Using color on your resume.

There is little doubt that looking for work in the computer age is a different animal from the one most of us faced when we first entered the workforce.

There are some dynamic and dramatic changes such as LinkedIn, online jobs boards, ATS - applicant tracking systems, online interviews, etc., etc. That list goes on and on.

On the other hand, the computer age has made the entire job seeking process a lot easier – for some of the same reasons listed above. In addition, your ability to email your resume, cover letter and follow-up thank you speeds the process much in your favor.

The availability of smart phones also make you reachable at almost anytime, anywhere – meaning it’s unlikely that you’ll ever miss an important call. Couple that with your ability to read and send emails from your phone and your job search truly has become mobile.

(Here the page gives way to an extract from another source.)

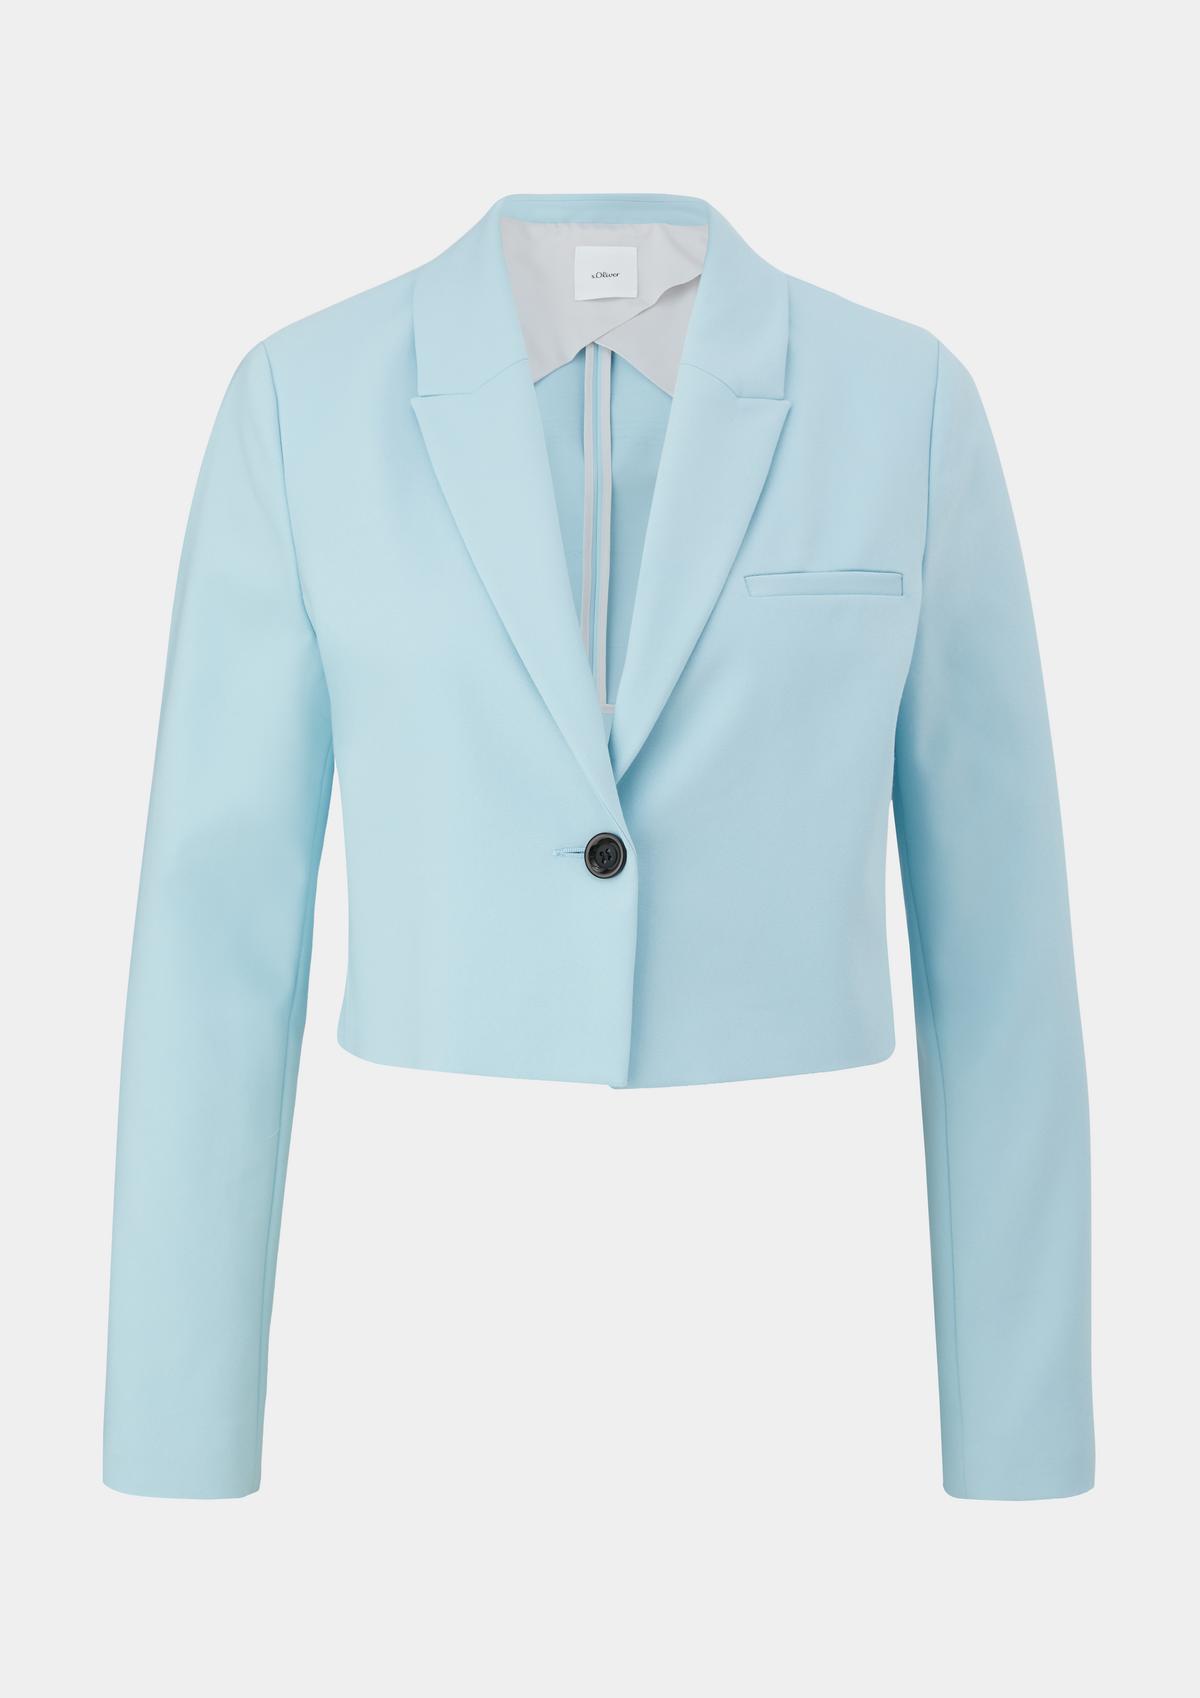 s.Oliver Cropped blazer made of a cotton blend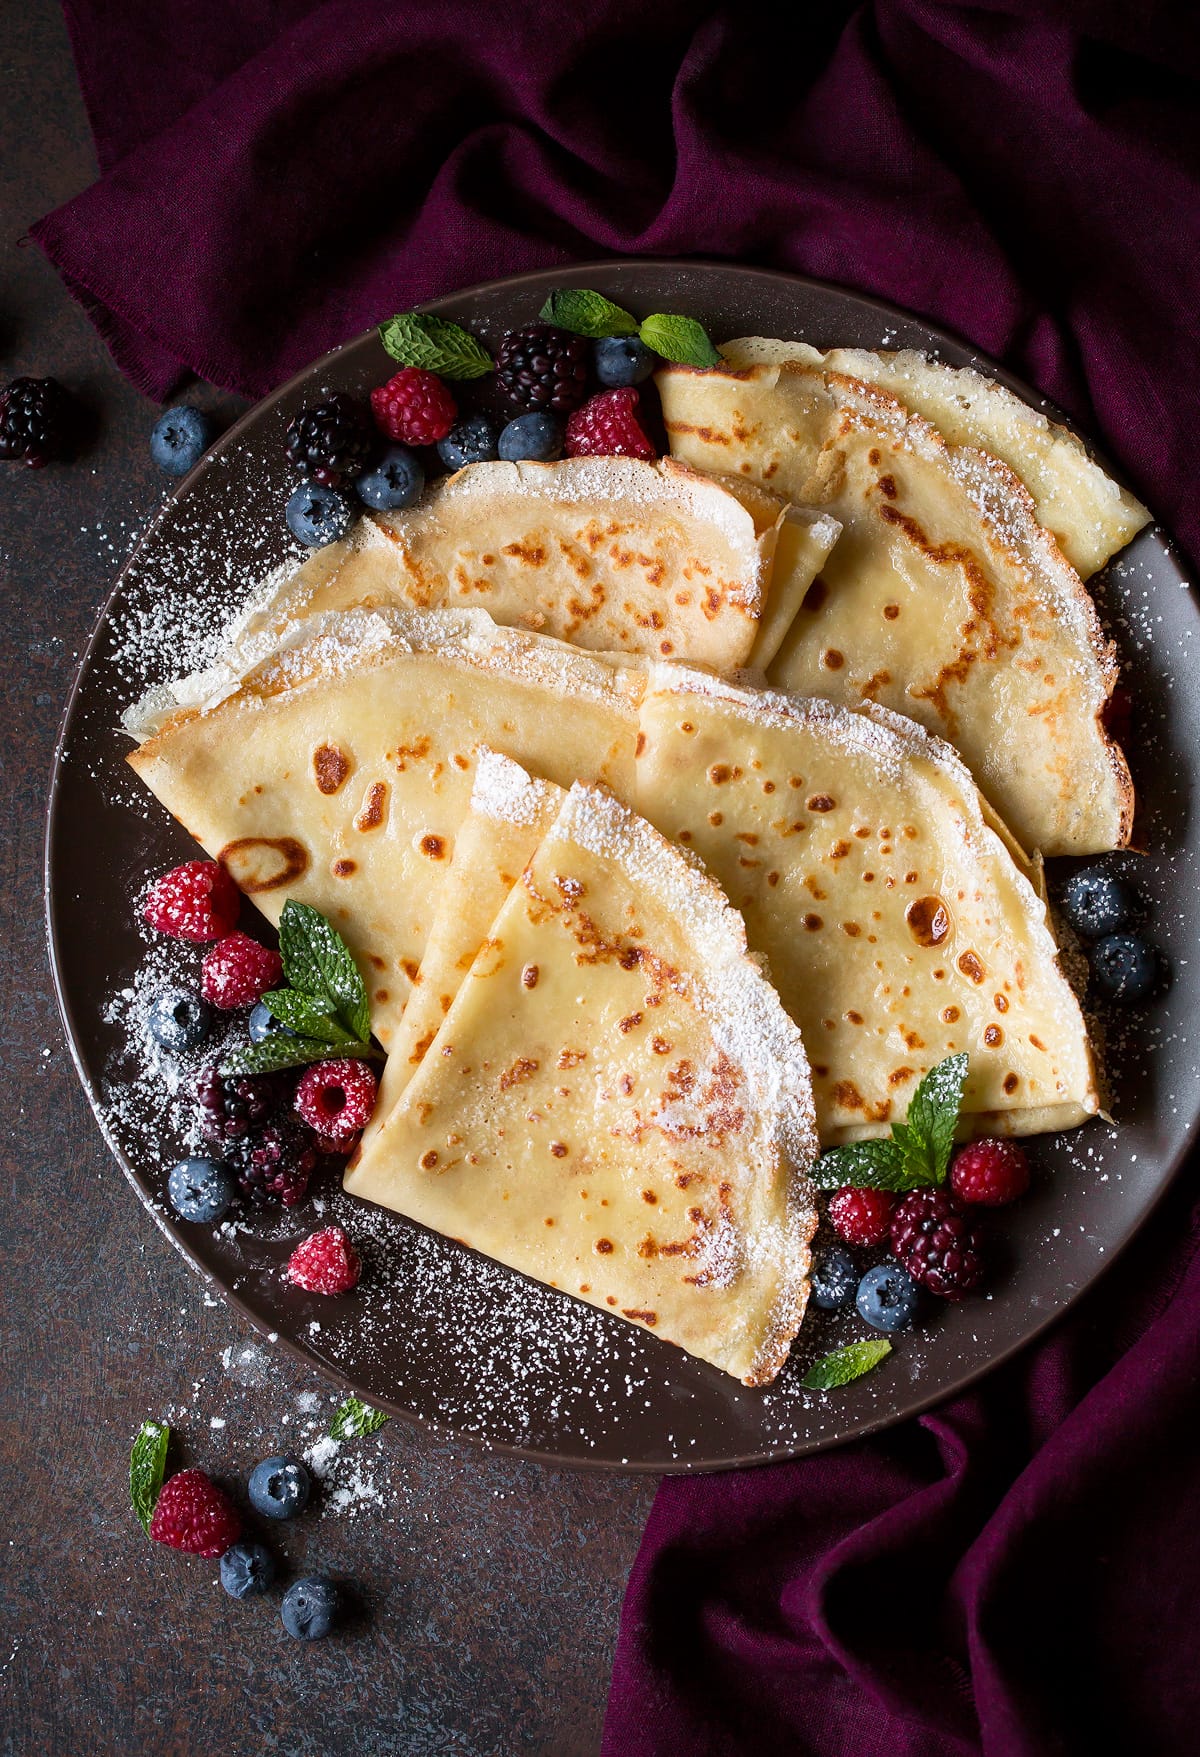 Overhead image of plate full of folded crepes on a dark plate set over a maroon napkin.

On a more personal level think of how much easier it is to create a resume – and not just any resume, but one that can help you stand out and be noticed by recruiters and hiring managers alike.

The word processor makes it incredibly easy to highlight aspects of your resume using bold and italic text with split-second speed. Design techniques such as indented paragraphs and lines separating sections are just as simple.

There is another highly unutilized capability of the word processor that can be a boon if used appropriately, or a detriment if misused. With your word processor, you easily can add colored text to any part of your resume. Used correctly, this can make your name stand out, highlight your contact information, call attention to your past employers, etc.

The trick is to use correctly – which is to say not to over use it. Virtually all resume experts stress the importance of using only one font throughout your resume. Color can be viewed the same way. Strategic use of color is certainly a benefit, but using too much color – and certainly more than one color – can turn off any hiring manager.

Softer colors – such as blues or darker greens – can dress up any resume. Bold and brash colors – such as red, orange or purple – can be a shock to the visual image you send to a hiring manager.

If you not sure about your use of color, ask a spouse, friend, or colleague for their honest opinions, and look online for sample resumes that use color to determine how to use it effectively.